È il momento degli eventi dei colossi mondiali del cloud a Milano: pochi giorni dopo Google Cloud, il centro congressi MiCo ha ospitato Amazon Web Services e il suo AWS Summit Milano 2022, una due-giorni proporzionata nei numeri alla vasta community italiana del leader mondiale dei servizi di Public Cloud IaaS confermato recentemente da Gartner.
L’AWS Summit di Milano ha infatti registrato oltre 8000 iscritti e 57 sponsor in 7 categorie – citiamo solo i “global sponsor” Intel, VMware, Datadog, Veeam, New Relic, Palo Alto Networks, e i “diamond” Accenture, Besharp (la società pavese tra i più piccoli Premier Partner AWS al mondo) e Reply – con oltre 90 sessioni tecniche e di business, e ha ospitato anche l’AWS Partner Summit.
Nell’incontro con i partner italiani, AWS ha parlato tra l’altro dei 10 anni della community mondiale dei partner APN (AWS Partner Network), delle più recenti iniziative per il canale, e dei suoi investimenti in Italia. Abbiamo approfondito questi e altri temi con Vittorio Sanvito, Head of EMEA Partner Organization in AWS.
Qual è il suo bilancio del decennale dell’APN?
L’incontro con i partner italiani all’AWS Summit di Milano è stata un’occasione importante per festeggiare questo traguardo. Più di 300 partner italiani sono intervenuti in questi due giorni. Come ho detto anche a loro, abbiamo una grandissima opportunità: i vari analisti di mercato stimano che finora solo una quota tra il 5 e il 15% dell’IT spending è stato migrato nel cloud.

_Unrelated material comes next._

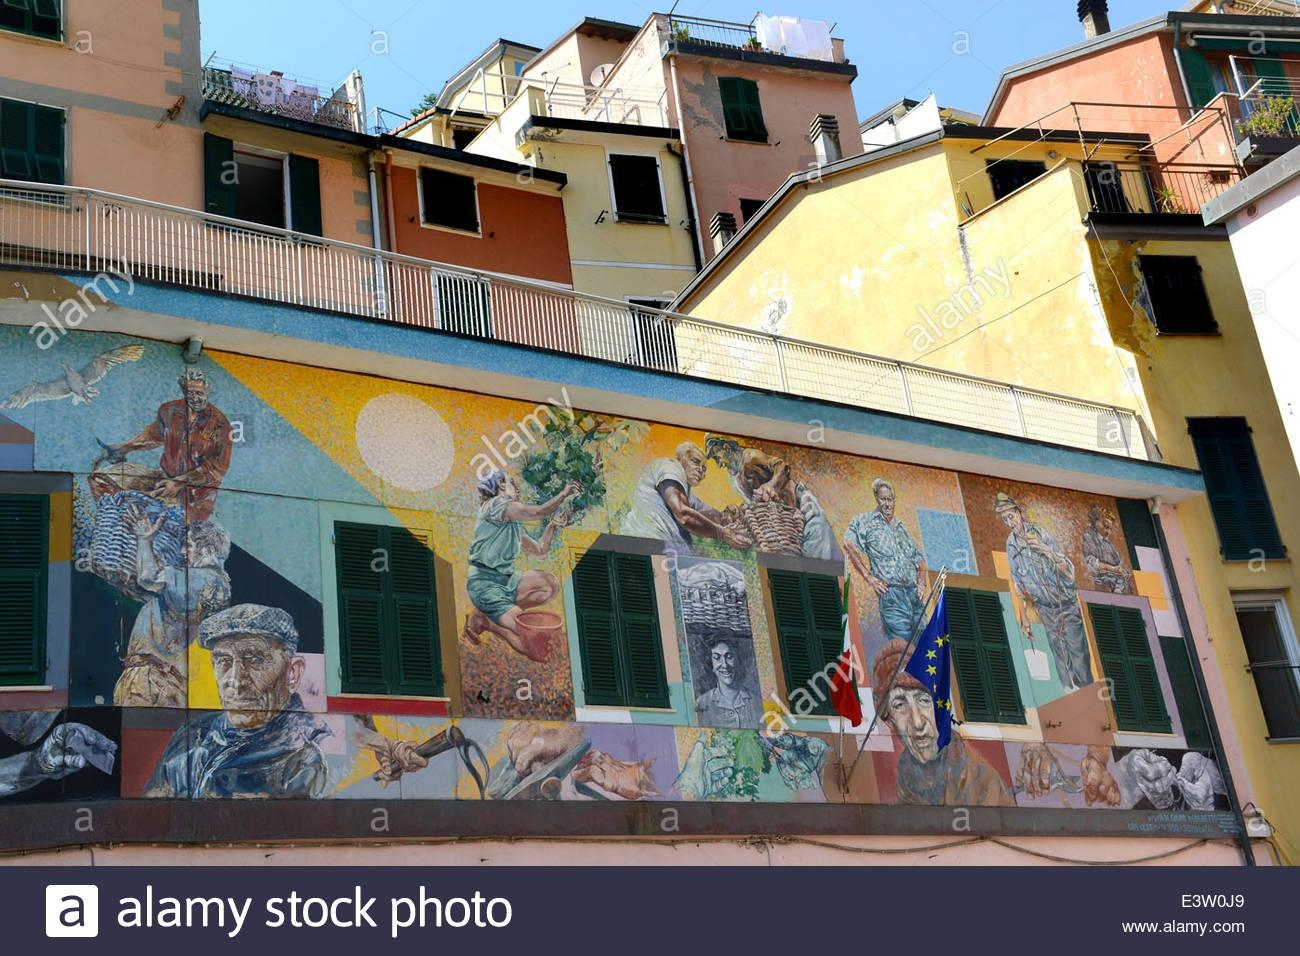 Italian Street Art Murals Mural At Riomaggiore On The Cinque Terre Inside Italian Art Wall Murals (Image 8 of 20)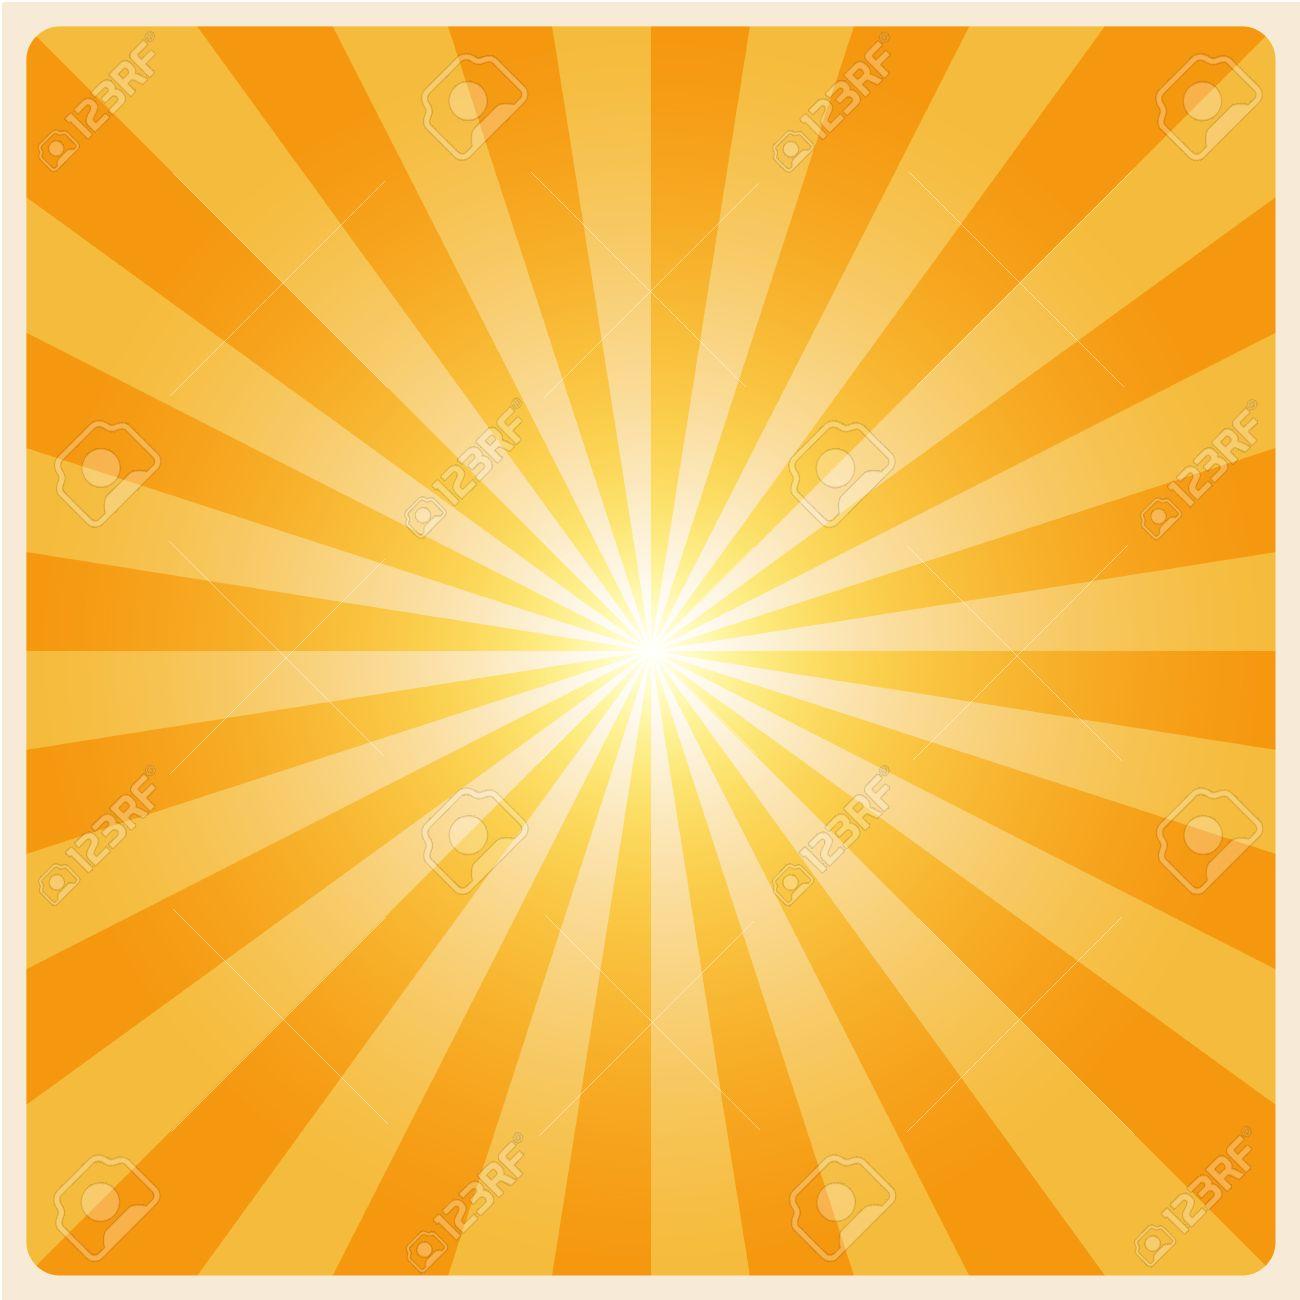 white rays background.Illustratiom EPS10 Stock Vector - 24915207

APN è nata, come la maggior parte delle innovazioni di Amazon e AWS, ascoltando i clienti – che in questo caso chiedevano modalità semplici per trovare partner con le competenze più adatte alle proprie esigenze specifiche – e 10 anni dopo conta oltre 100mila partner in 150 paesi. Ha iniziato con due sole categorie di partner – technology e consulting – e oggi comprende tutte le tipologie: distributori, system integrator, service provider, ISV, MSP.
Quali sono state le tappe più importanti dell’APN?
È stato un percorso graduale. Nel 2014 abbiamo introdotto le Competency, che sono programmi per certificare non la singola persona ma l’intera azienda partner, garantendo la sua capacità di erogare soluzioni verticali o tipologie di progetti.
Successivamente nel 2015 è arrivata la certificazione MSP per i managed service provider, e nel 2016 il programma di Service Delivery, per certificare i partner in grado di vendere soluzioni legate ai nostri servizi, per esempio Connect (il servizio di contact center di AWS, ndr). Nel 2019 abbiamo introdotto Service Ready: noi lanciamo continuamente servizi e funzioni innovative, nel 2021 sono stati più di 3000, e con Service Ready certifichiamo i partner capaci di fare innovazione “al quadrato”, cioè di innovare sulla nostra innovazione. Infine nel 2021 abbiamo lanciato i Partner Paths, di cui abbiamo parlato anche qui all’AWS Summit.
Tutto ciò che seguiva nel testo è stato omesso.